^{Рис. 8.5. Модель котранскрипционного образования dsRNA и siRNA и рекрутирование комплекса Clr4-Rik1-Сиl4-метилтрансферазы гистонов у S. pombe}

Недавно обнаружили, что Clr4 является компонентом мультипротеинового комплекса, который содержит белок Rikl гетерохроматина. Cullin E3-убиквитинлигазу и несколько других белков (Hong et al., 2005; Horn et al., 2005; Jia et al. 2005; Li et al., 2005). Далее эти ассоциированные с Clr4 белки усиливают связь между РНК и формированием гетерохроматина. Белок Rikl является членом большого семейства белков типа р propeller WD repeat, участие которых в связывании с РНК или ДНК предполагалось. Среди членов этого белкового семейства — фактор CPSF-A (Cleavage Polyadenylation Specificity Factor А), участвующий в сплайсинге пре-иРНК, и белок Ddbl (DN A damage binding 1), участвующий в связывании с поврежденной УФ ДНК. Особый интерес представляет CPSF-A, поскольку Rikl сходен по последовательности со своим предполагаемым связывающимся с РНК доменом, участвующим в распознавании последовательностей полиаденилирования иРНК (Barabino et al., 2000). Белок Ddbl, подобно белку Rikl, является компонентом комплекса Си14-Е3-убиквитинлигазы и участвует в распознавании и репарации ДНК, поврежденной УФ (Higa et al., 2003; Zhong et al., 2003).
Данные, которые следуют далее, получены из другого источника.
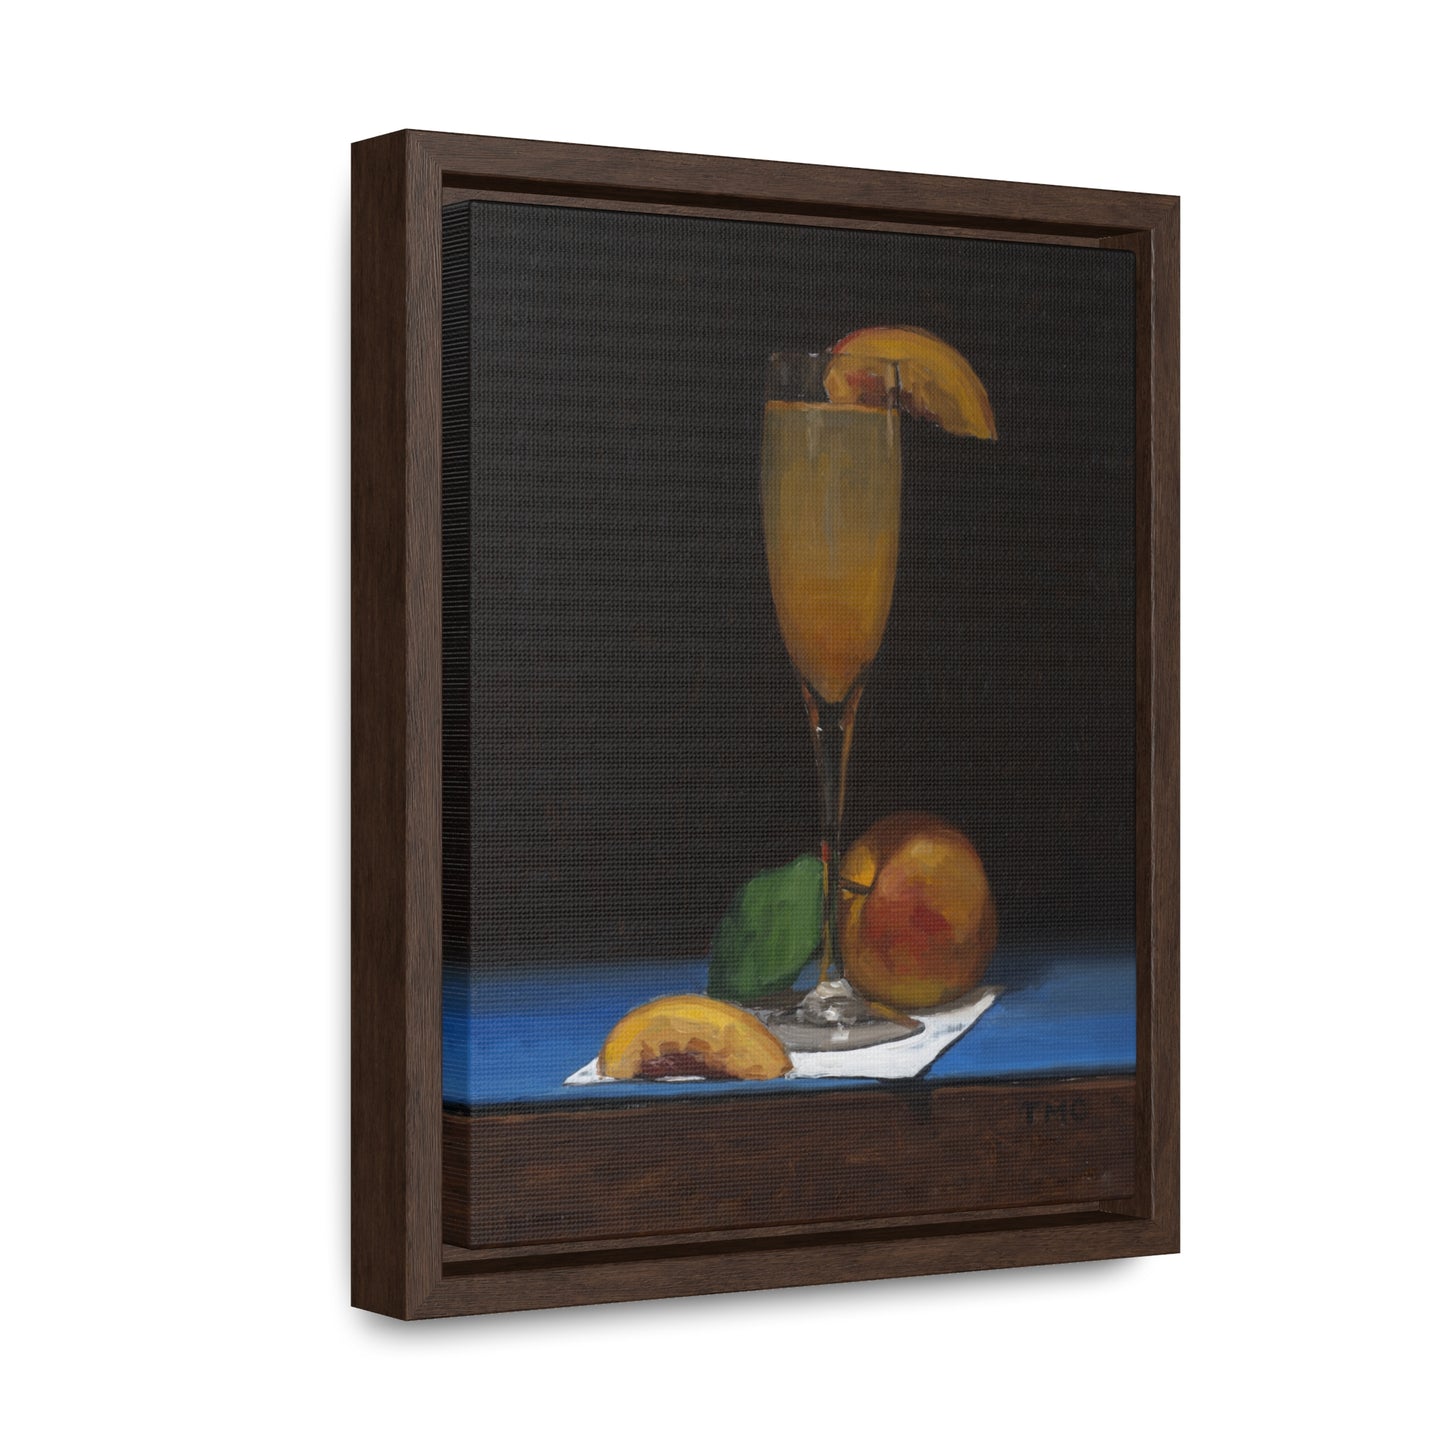 Todd M Casey: "Bellini" - Framed Canvas Reproduction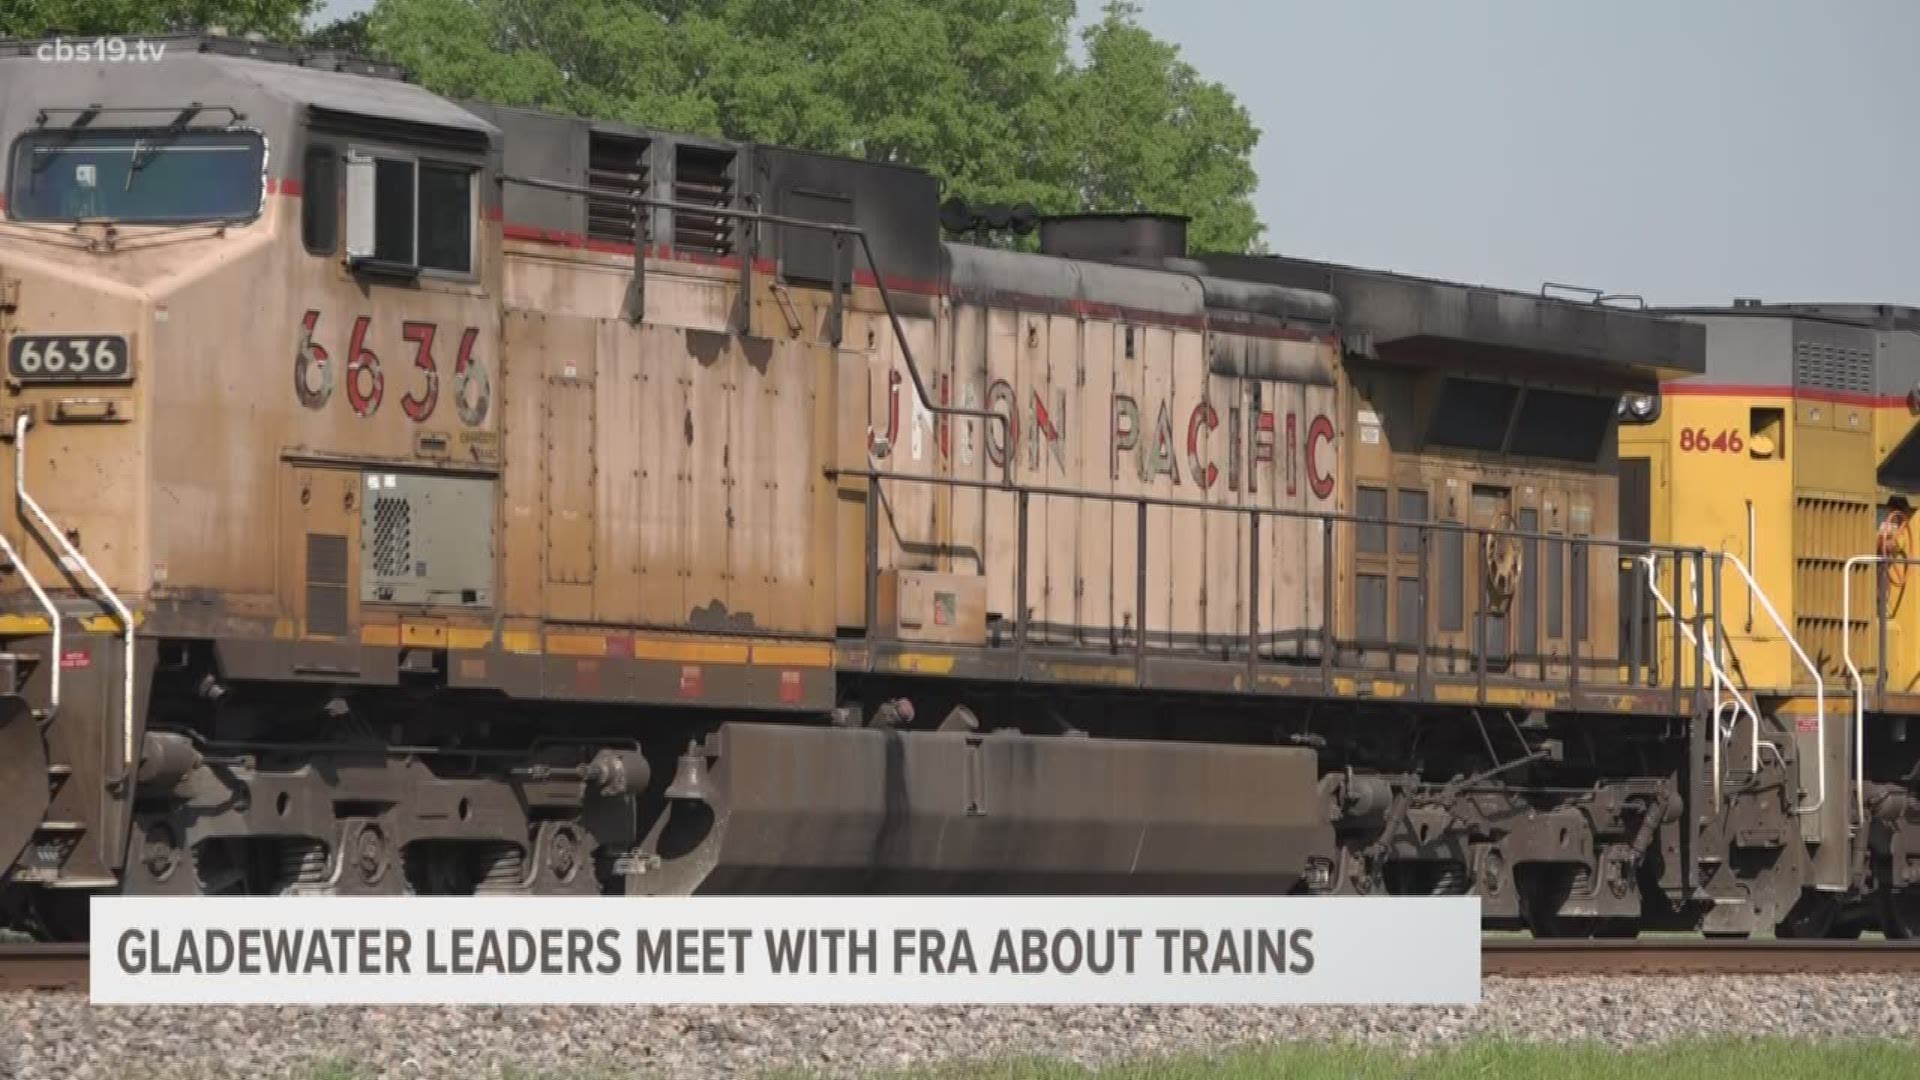 FRA has told Gladewater leaders to begin documenting when an Union Pacific train blocks the Gregory Lane crossing for an extended period of time. FRA says it will begin fining Union Pacific or the conductor.

Весьма интригующая возможность заключается в том, что Rikl действует похожим на действие CPSF-A и Ddbl образом, связываясь во время сборки гетерохроматина с продуктом, произведенным RNAi (рис. 8.5).

Механизм, посредством которого RNAi направляет модификации гетерохроматина у растений, сходен с таковым у дробянковых дрожжей, хотя имеются и многочисленные отличия. Наиболее важное отличие заключается в том, что у растений метилированная ДНК имеется во многих репрессивных районах гетерохроматина: в этом отношении они напоминают позвоночных, но отличаются от червей и Drosophila (Lippman and Martienssen, 2004). Четыре цикла генетического скрининга, направленного на отбор мутантов с ослабленным TGS, опосредованным РНК, выявили мутантов по HKMTs, специфичным к H3K9, и по компонентам RNAi, но они также вскрыли необходимую функцию ДНК-метилтрансфераз, SWI/ SNF-комплексов ремоделинга и новую РНК-полимеразу (Baulcombe, 2004). Этот скрининг детально описан в главе 9, но здесь мы кратко сравним этот механизм у дробянковых дрожжей и у растений.

Для каждого скрининга на мутанты сайленсинга использовались инвертированные повторы, введенные в trans-конфигурации, чтобы индуцировать сайленсинг эндогенных или трансгенных репортерных генов. Ослабление сайленсинга указывает на мутацию, возникшую в некоем необходимом компоненте пути, ведущем к сайленсингу. Использованными при этом эндогенными генами были PAI2 (участвует в биосинтезе аминокислот) (Mathieu and Bender, 2004) и SUPERMAN (транскрипционный фактор, регулирующий развитие цветка) (Chan et al., 2004), и эти репортерные гены управлялись либо сильным вирусным промотором, либо сильным промотором, специфичным для семени (Matzke et al., 2004). В каждом случае промотор был мишенью для сайленсинга, в некоторых случаях вместе с остальной частью данного гена. Ряд генов, найденных в результате этих экспериментов по скринингу, проиллюстрирован на рис. 8.6 (см. также табл. 9.1). Был идентифицирован лишь один мутант по RNAi (в одном из циклов скрининга), и это был ген AG04 (аргонавт). Однако в трех циклах скрининга были обнаружены мутанты по ДНК-метилтрансферазам, в том числе МЕТ1 и СМЕТЗ. Третья ДНК-метилтрансфераза, родственная DNMT3 млекопитающих, была идентифицирована методом обратной генетики, поскольку эта активность кодируется DRM1 и DRM2, двумя избыточными генами, которые невозможно определить в ходе скрининга одиночных мутантов (глава 9). И в самом деле, избыточность может объяснить невозможность обнаружить дополнительне компоненты аппарата RNAi: например, хотя DCL3 (DICER-LIKE 3) и RNA-DEPENDENT RNA POLYMERASE 2 (RDRP) преимущественно требуются для производства siRNA размером 24 нуклеотида, ассоциированной с транспозонами и повторами, по меньшей мере два других гена DCL у Arabidopsis могут в некоторой степени замещать DCL3 (Gasciolli et al., 2005).